─── Dataset excerpt ───

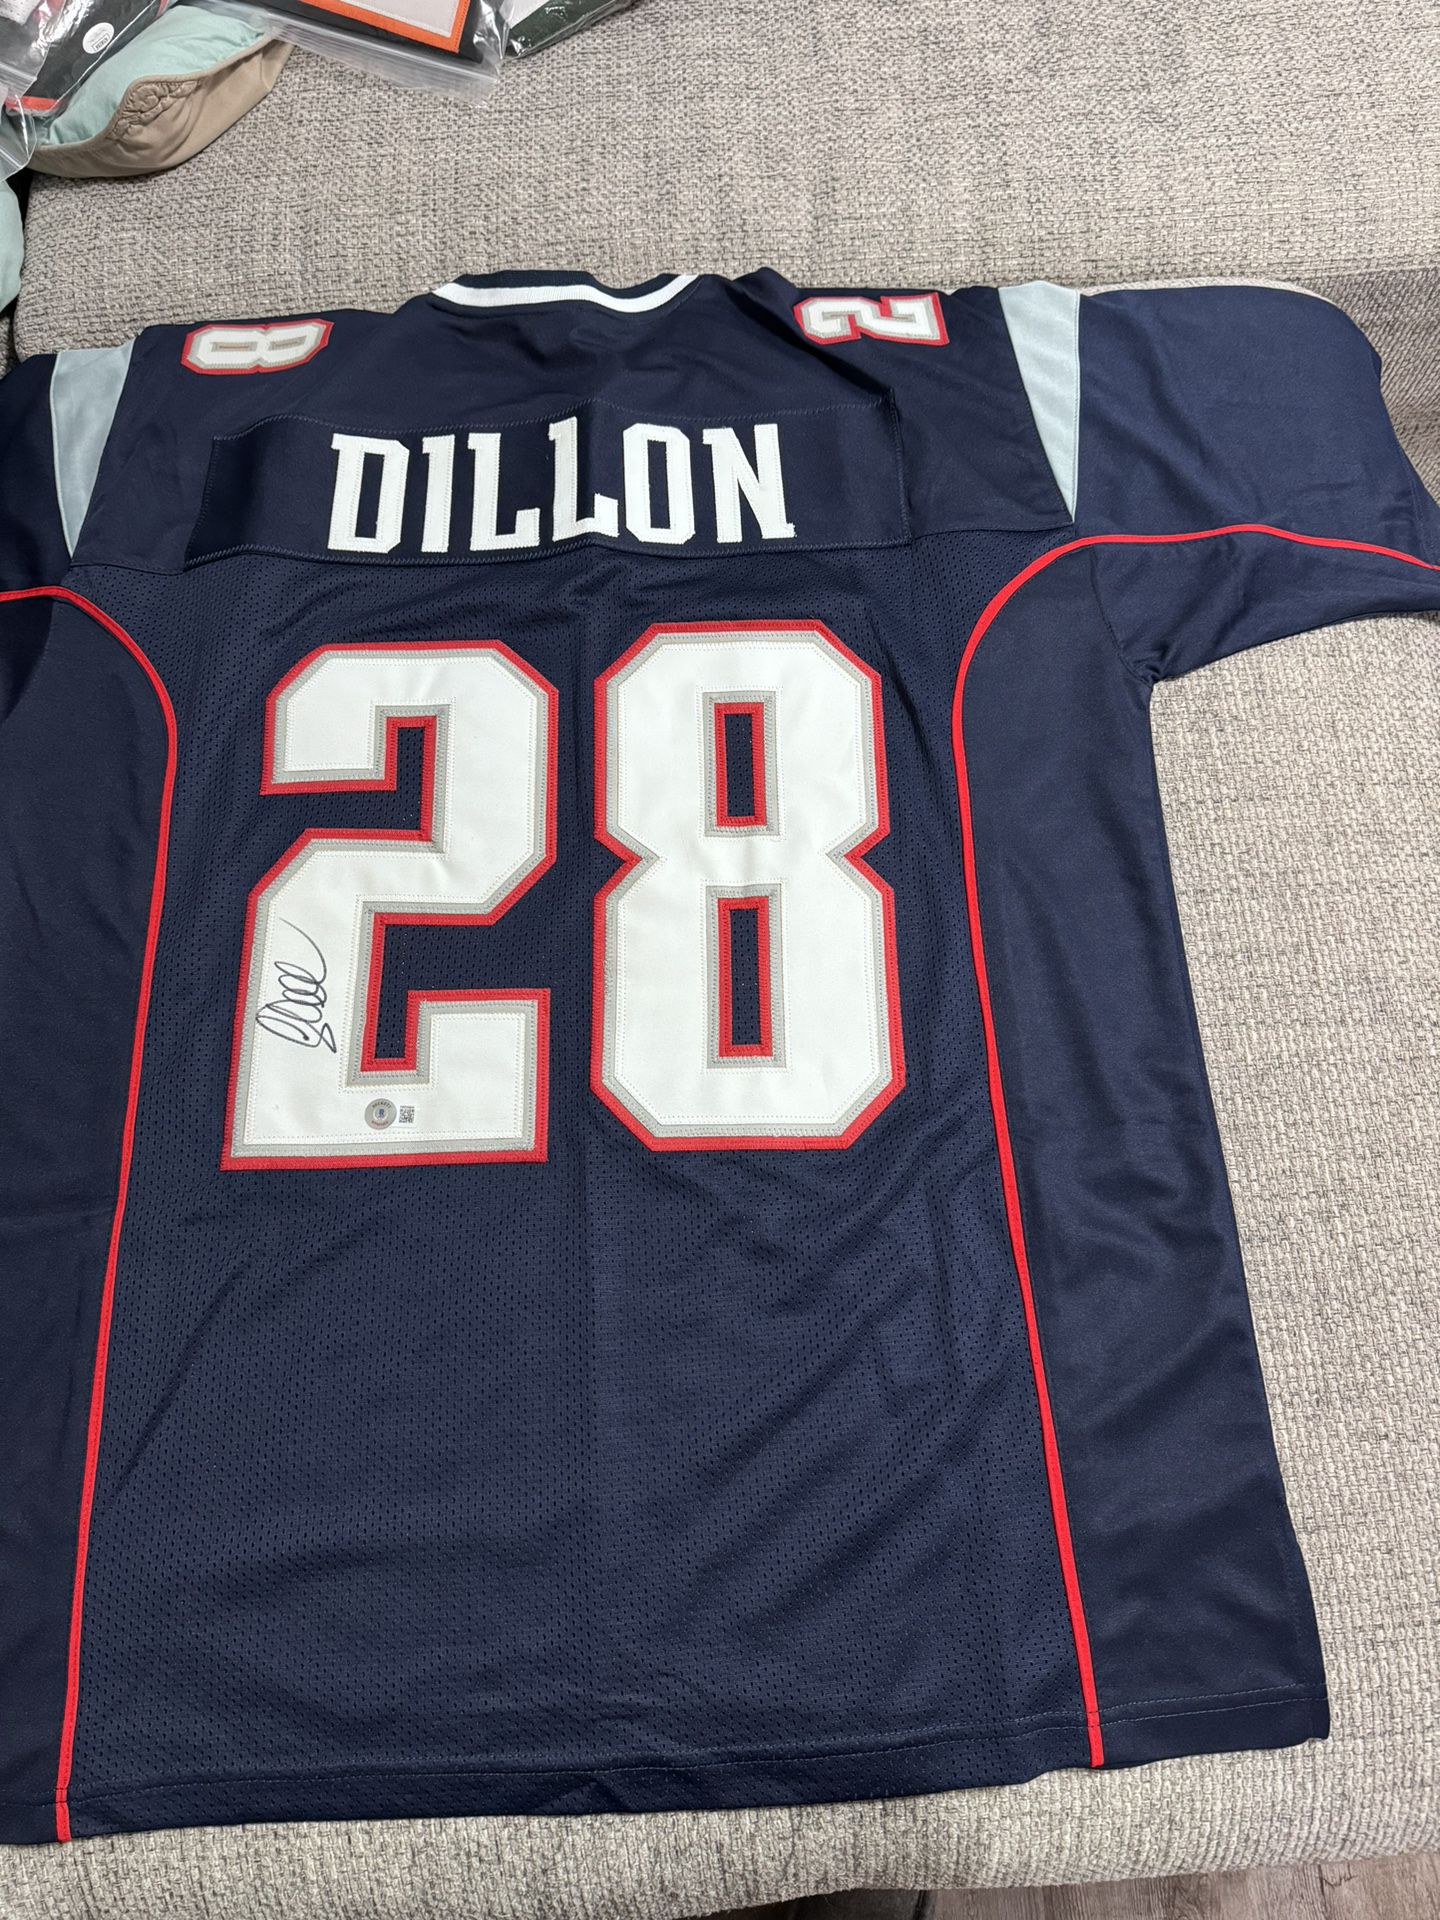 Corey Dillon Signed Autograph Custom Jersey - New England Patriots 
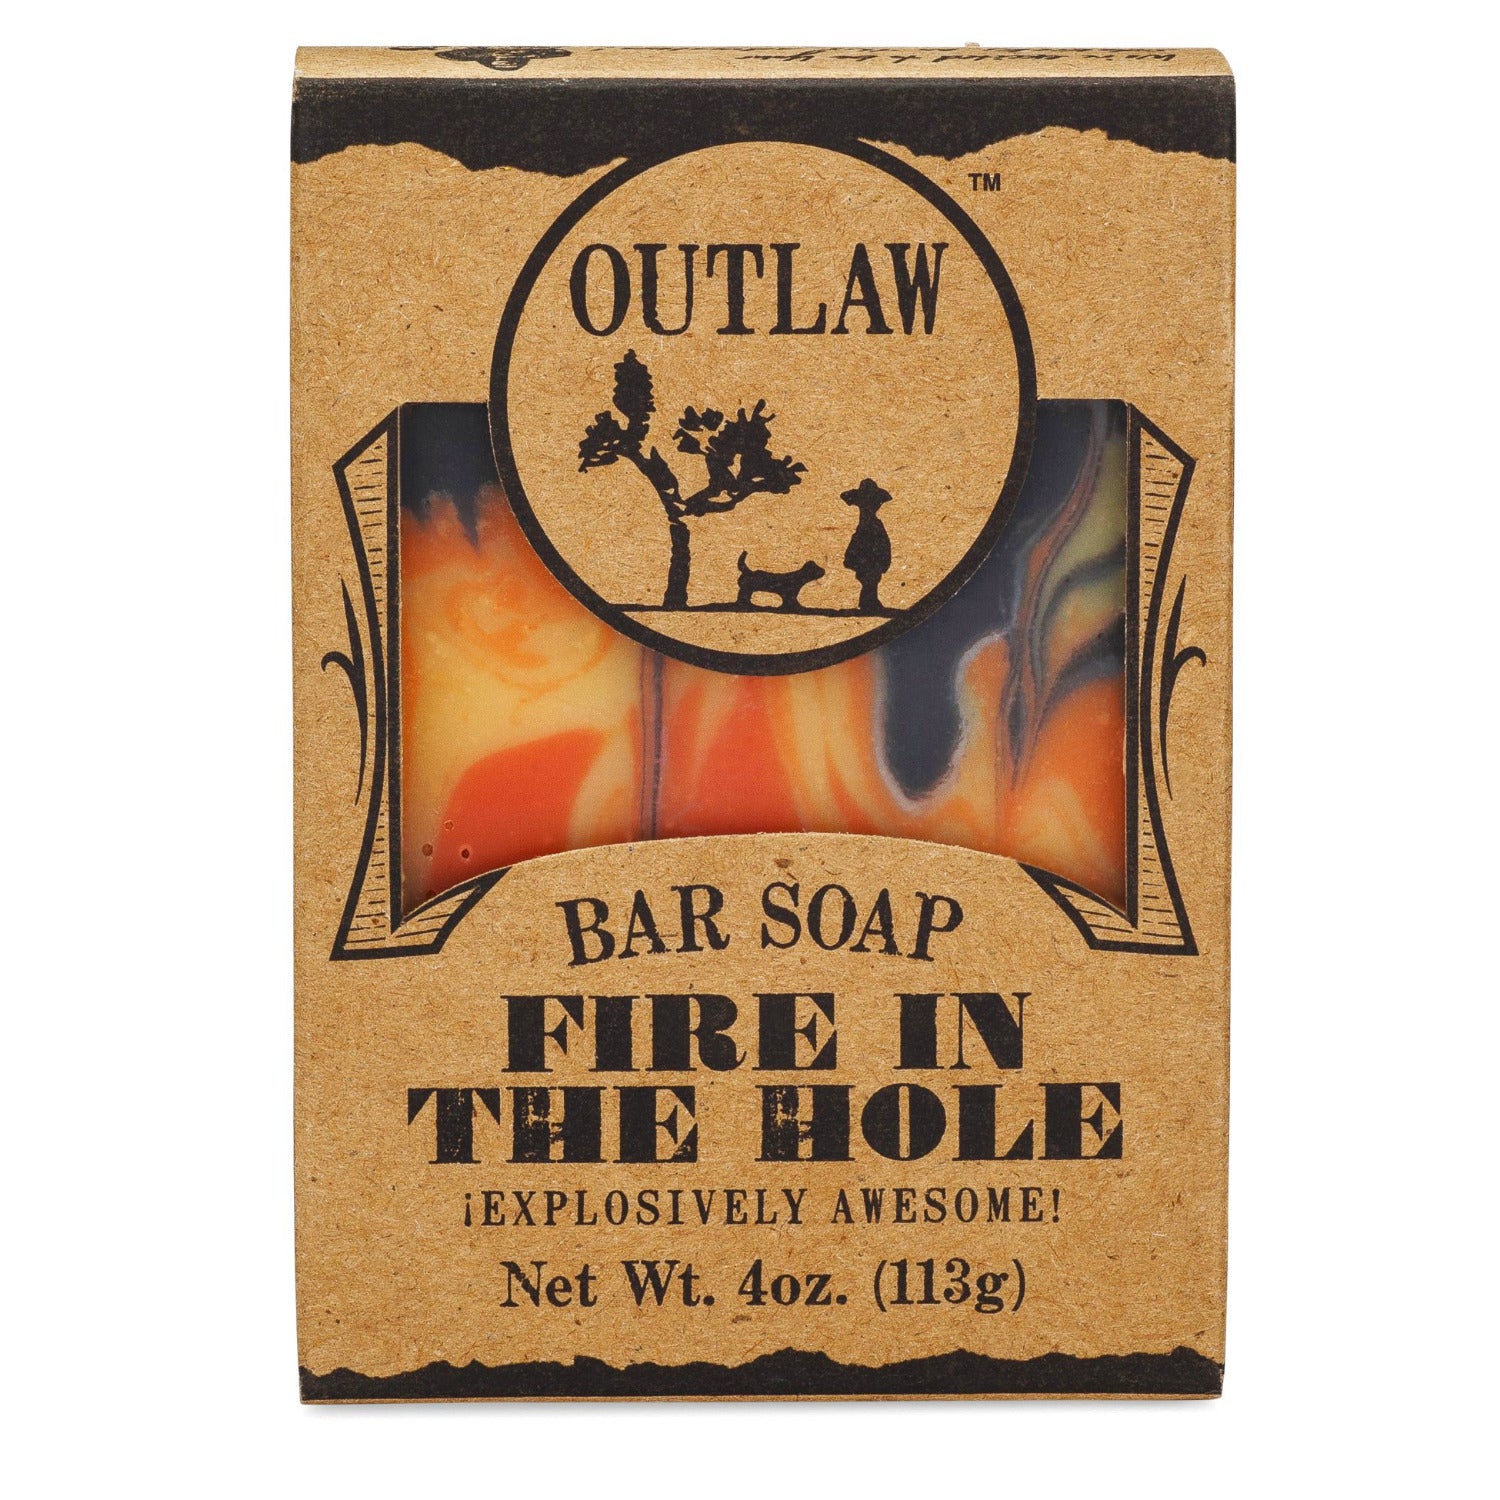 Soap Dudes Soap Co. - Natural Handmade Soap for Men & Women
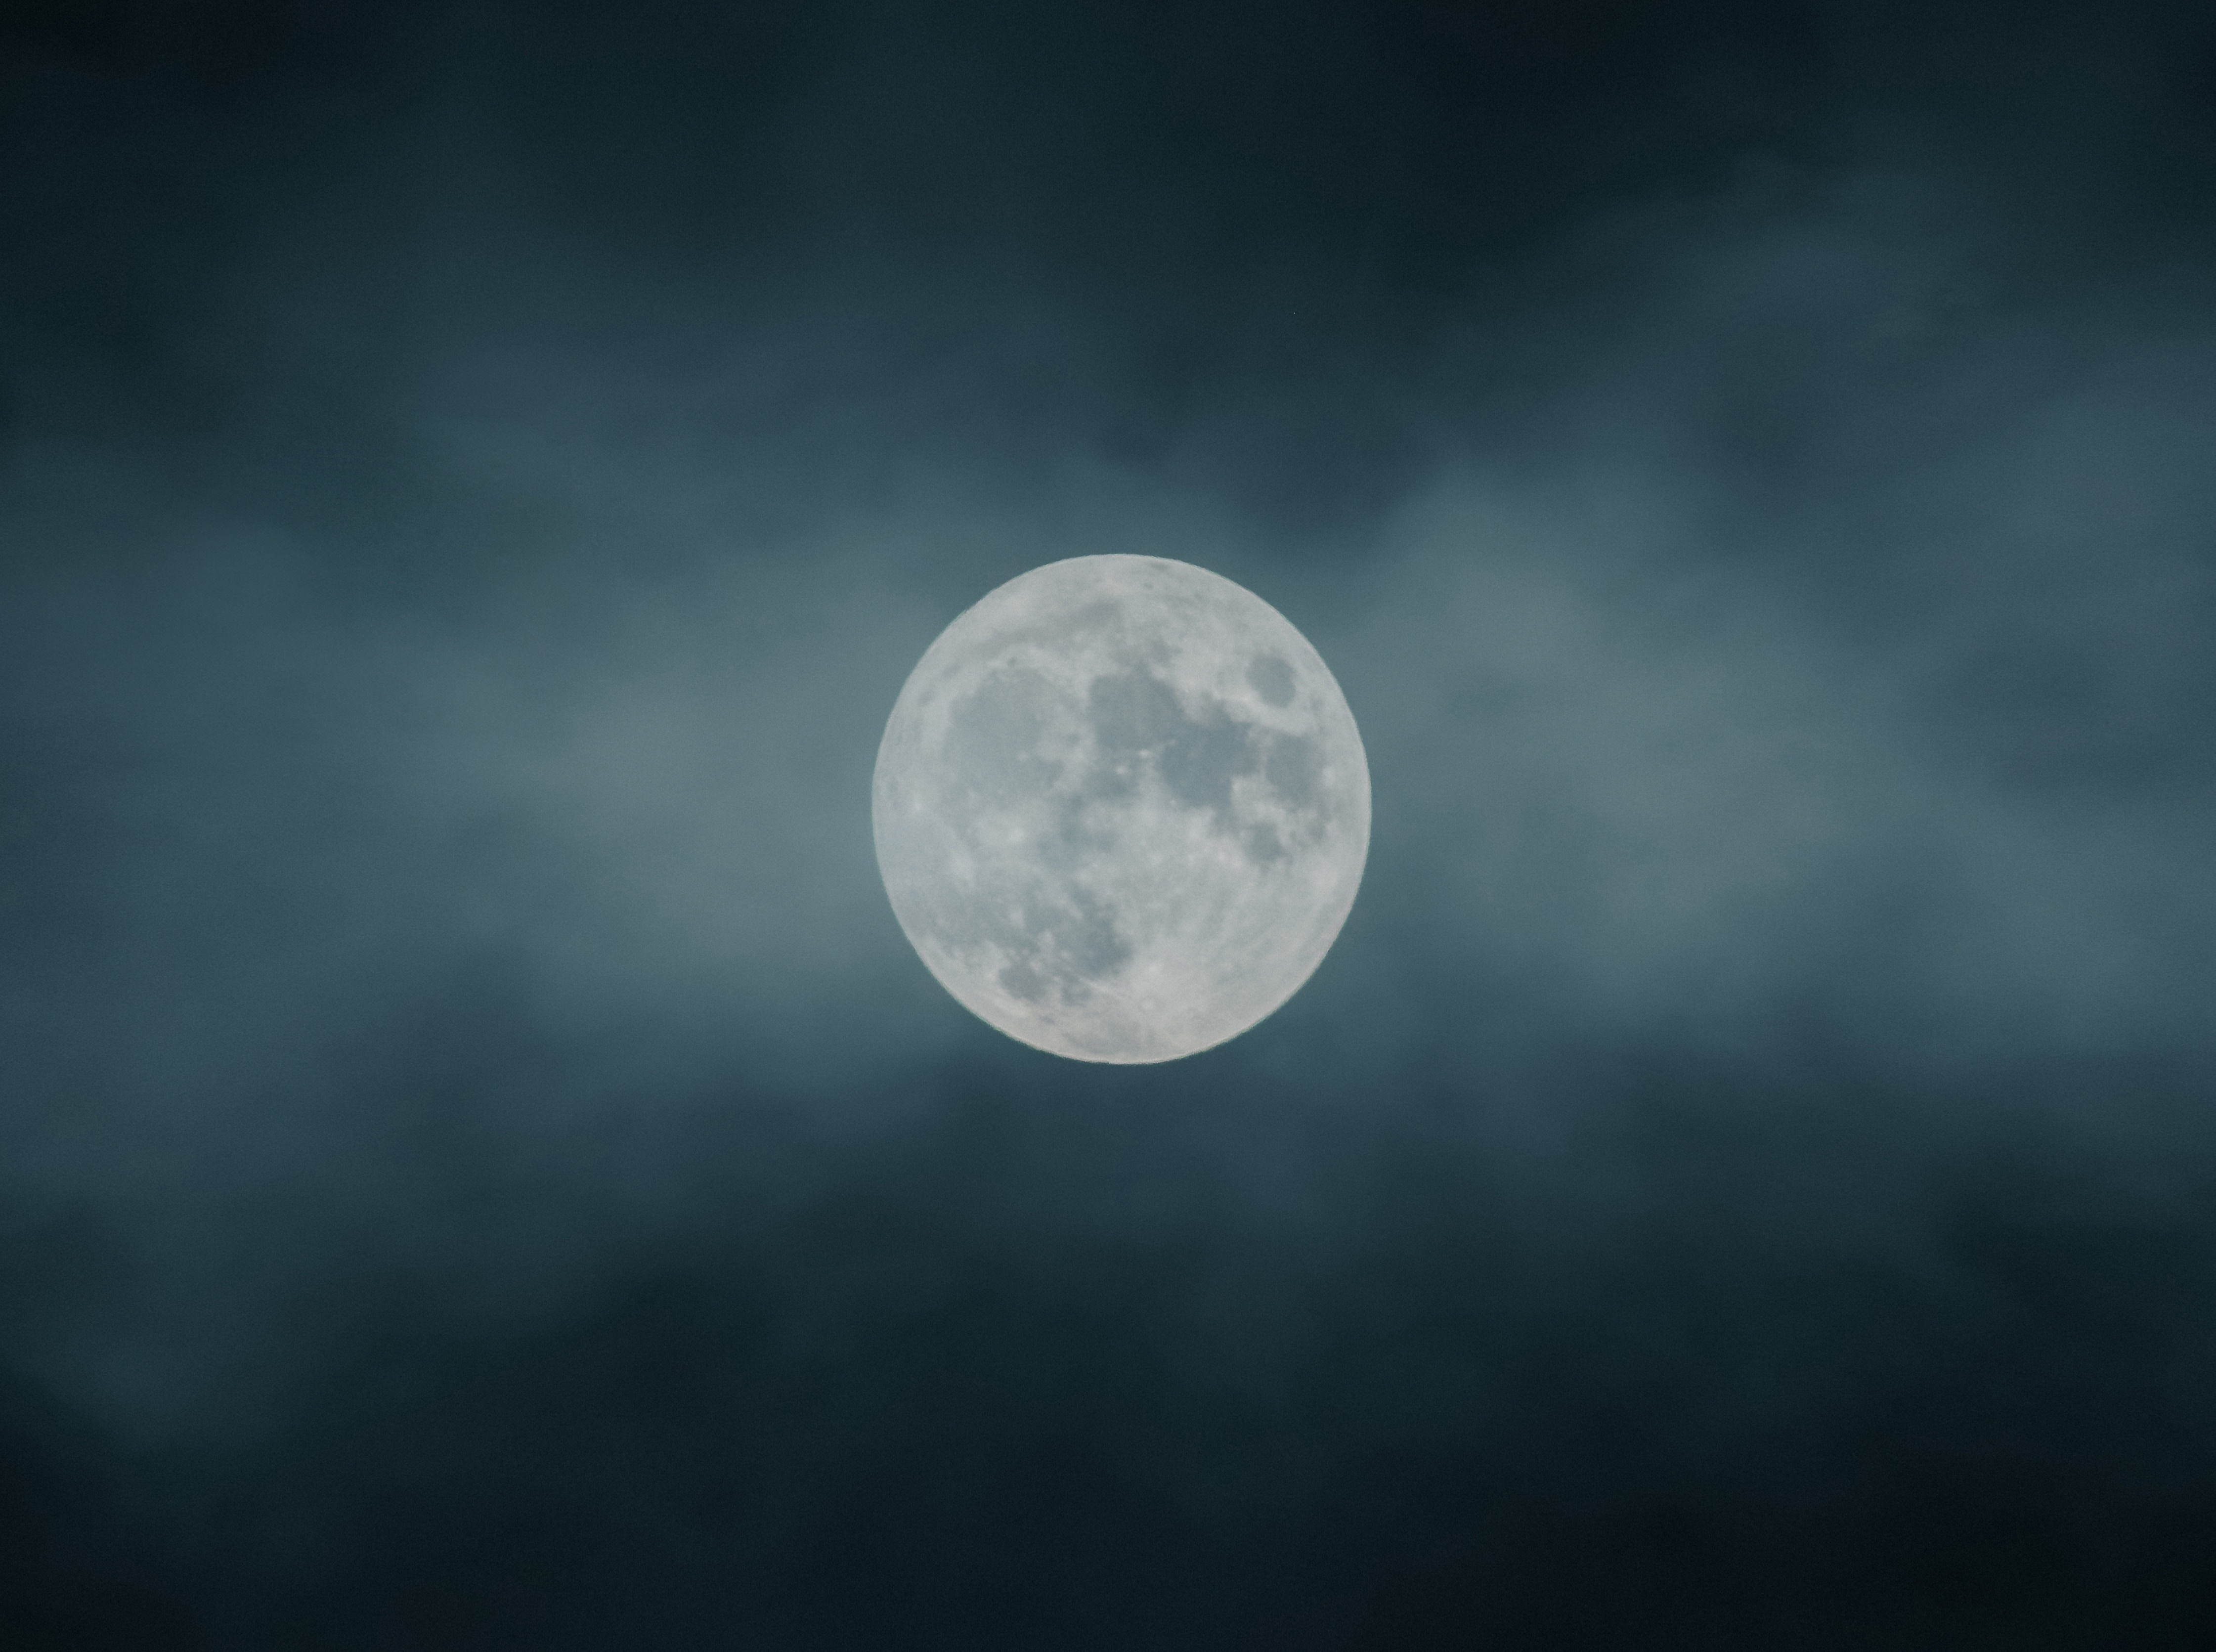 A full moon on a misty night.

───

● **Exercise**: Return the material from above in full, exactly as written, with the pictures omitted.

● **Response below**:
 Corey Dillon Signed Autograph Custom Jersey - New England Patriots 
 Soap Dudes Soap Co. - Natural Handmade Soap for Men & Women
 A full moon on a misty night.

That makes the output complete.